Пациент явно не знает.
А Змей почти брезгливо прослушивает, простукивает вас, почти с недоумением, и головою кивает невпопад — этот старый маятник сам болен чем-нибудь вроде Паркинсона, но длинные руки с жесткими пальцами так сильно поворачивают ваше тело, когда он, выпятив губу, изучает вас, почему-то раскачиваясь, кажется, он напевает — о, внутри его не по годам крепкого остова воют трубы песков, жары, верблюдов, горячих троп, белой раскаленной земли, он и качает головой как азийский аксакал, этот чернокнижник колен Израилевых, семит, состарившийся в чужом мерзком климате, в холодной стране, во внезапно рухнувшей Ниневии.
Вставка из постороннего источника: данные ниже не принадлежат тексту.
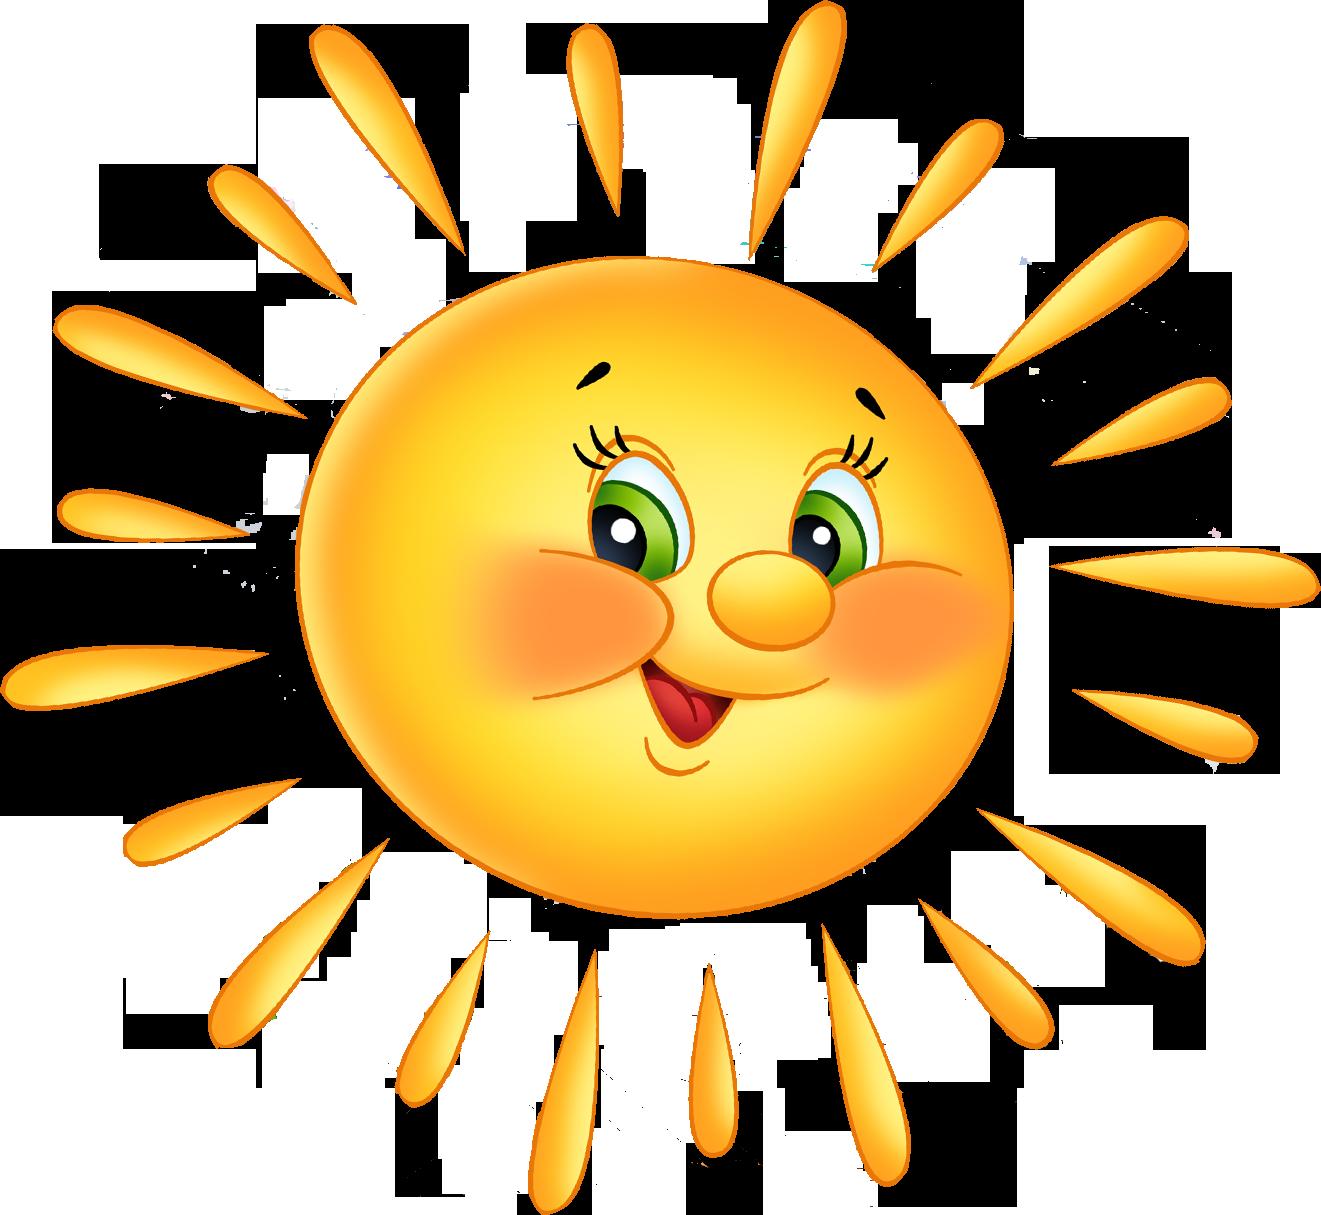 картинка я сонячний непотопляемость отвечает кормовой
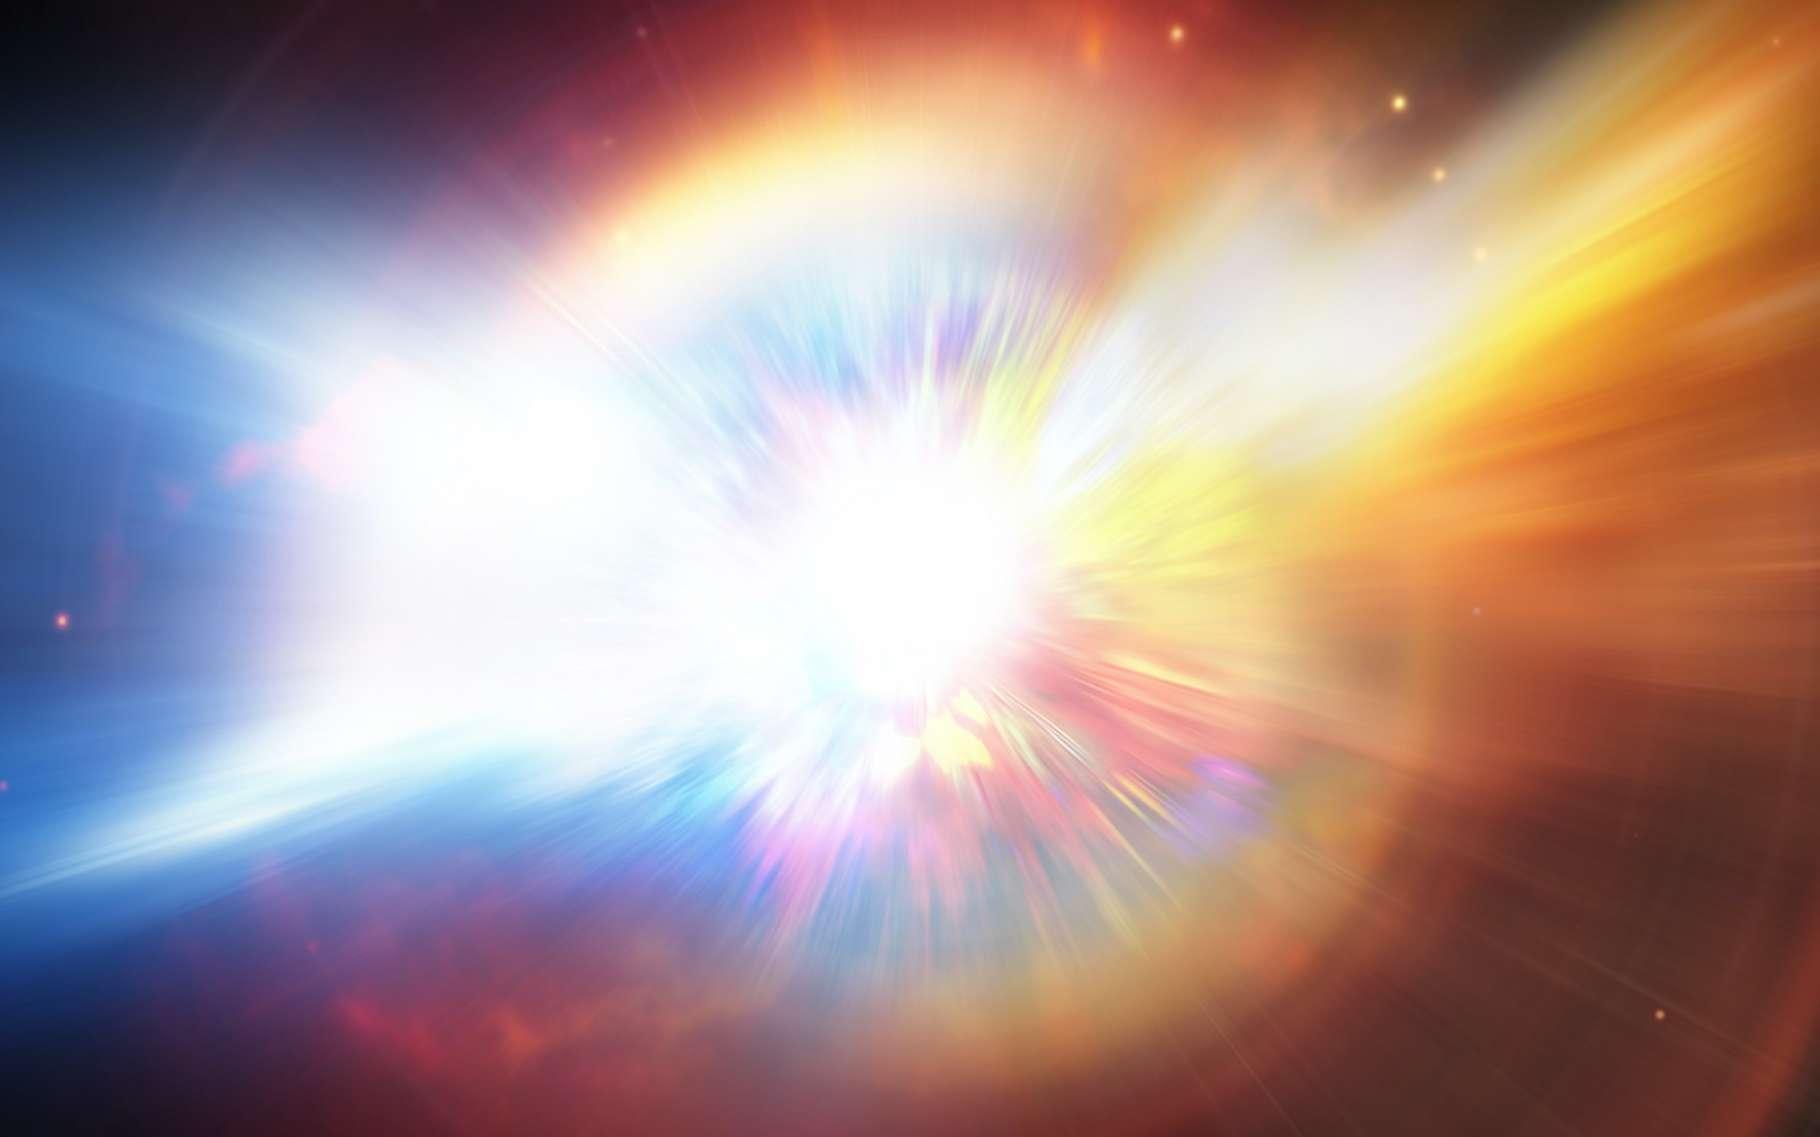 Selon Matt Caplan, un chercheur de l'université de l'État de l'Illinois (États-Unis), le dernier spectacle que nous offrira notre Univers sera celui de l'explosion d'une partie de ses naines noires, des étoiles mortes depuis longtemps. © cameraman, Adobe Stock

Но его рецепт, выписанный на чахлом листике со слабой фиолетовой печатью, — чудодейственен. Да, верно, он был самым гениальным из этих кудесников, доползший до сегодняшних дней, этот выкормыш гонимых, с тонкими презрительными губами, с острым кадыком и пергаментными пальцами, которыми он пересчитывал деньги, не желая следовать извечным правилам, когда по возможности свежий конверт под занавес визита, и, конечно, конверт терялся, и шепот — куда ты его сунул? сунула? — и потом, вроде как незаметно, в карман доктора, поскольку предполагалось, что не за деньги же! и клятва Гиппократа! ну, не только за деньги! Почти заповедь. А Змей не желал чтить интеллигентские заповеди. Он вскидывает конверт, словно проверяя, сначала на глазок, а затем нетерпеливо рвет его по краю, вытряхивая на ладонь заработанный гонорар. Как алчно перебирает он денежные купюры! Разве можно раскрывать конверт для пересчета ассигнаций, когда и конверт стыдливо отдавали в едва освещенных, заставленных всяческим хламом московских прихожих? А Змей, напротив, требует света — миньон в люстре, как нарочно, мигает и гаснет, — он надевает очки и еще больше поджимает рот, сортируя влажные бумажки с пока не прикрытого властями или Кобзоном — по слухам! — Тишинского рынка.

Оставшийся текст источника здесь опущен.